Cyrillic synonym: Клиохинол.

💊 Chemical information

Chemical formula: C9H5ClINO = 305.5.
CAS — 130-26-7.
ATC — D08AH30; D09AA10; G01AC02; P01AA02; S02AA05.
ATC Vet — QD08AH30; QD09AA10; QG01AC02; QS02AA05.

Pharmacopoeias.

In Chin., Eur., and US.

Ph. Eur. 6.2

(Clioquinol). An almost white, light yellow, brownish-yellow, or yellowish-grey powder. Practically insoluble in water; very slightly soluble or slightly soluble in alcohol; sparingly soluble in dichloromethane. Protect from light.

USP 31

(Clioquinol).
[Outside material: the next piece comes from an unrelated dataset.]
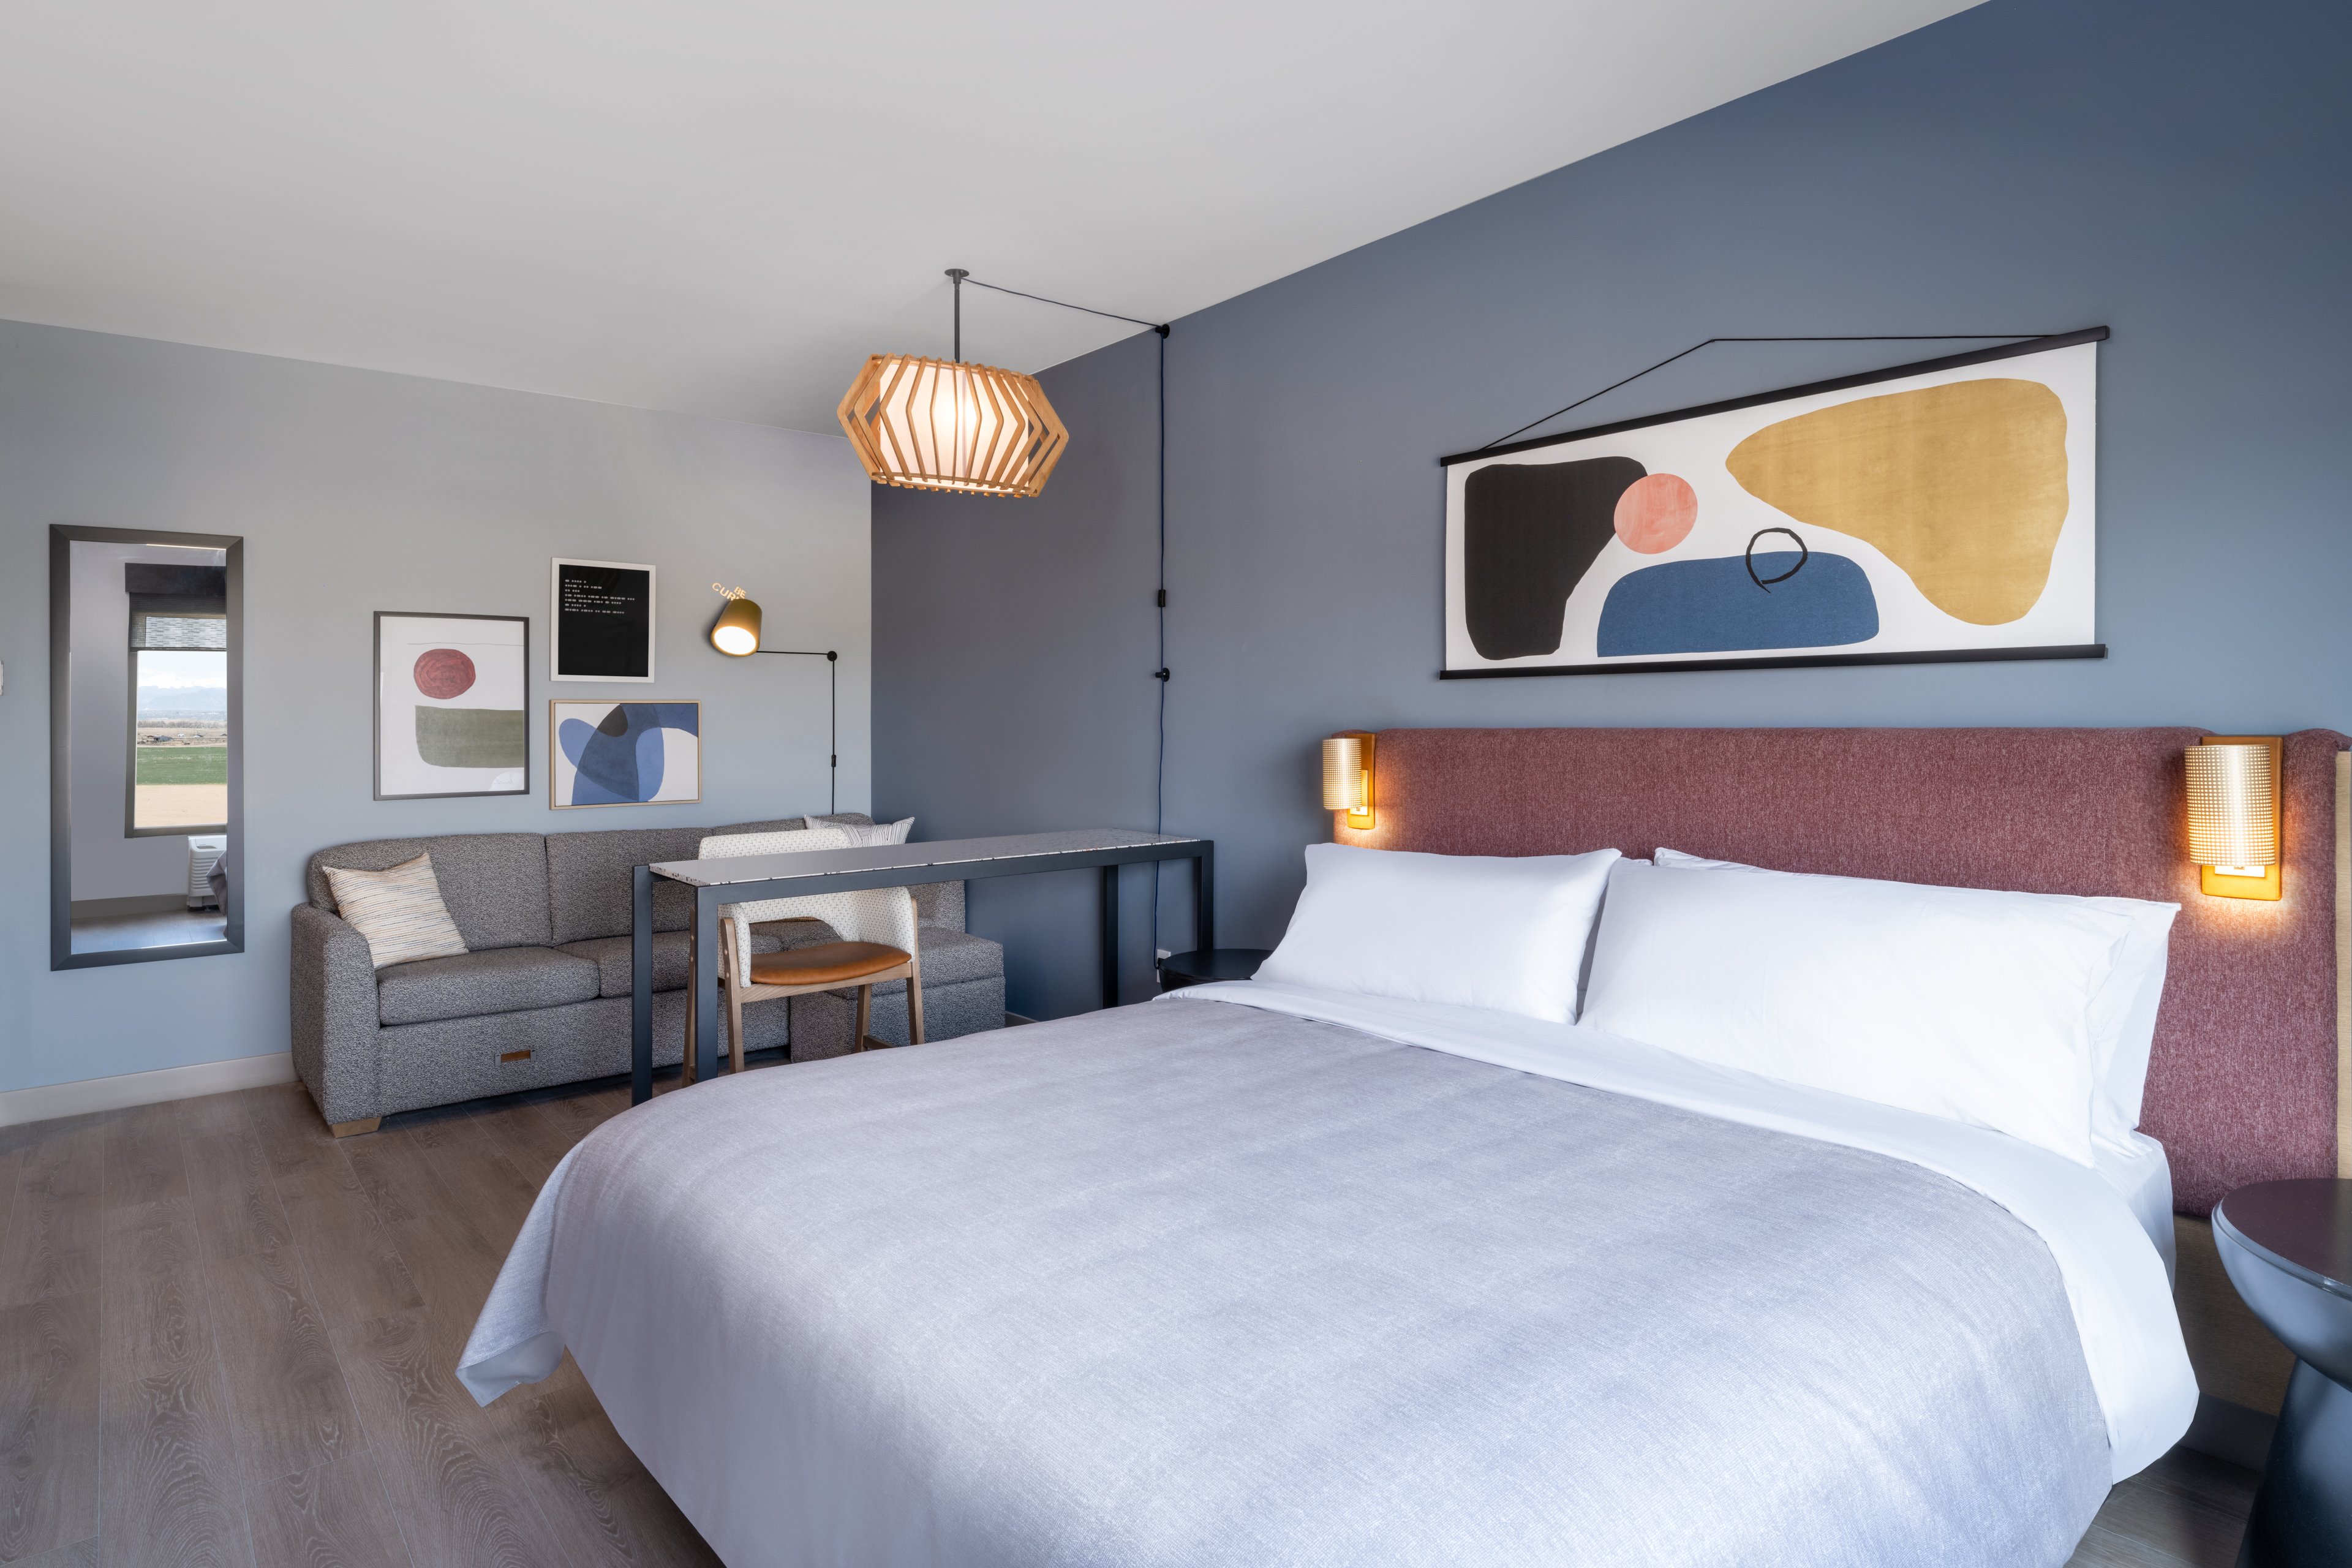 Our flexible suites are perfect for work, play and relaxing

A voluminous, spongy, yellowish-white to brownish-yellow powder having a slight characteristic odour. It darkens on exposure to light. Practically insoluble in water; soluble 1 in 3500 of alcohol, 1 in 120 of chloroform, and 1 in 4500 of ether; soluble in hot ethyl acetate and in hot glacial acetic acid. Store in airtight containers. Protect from light.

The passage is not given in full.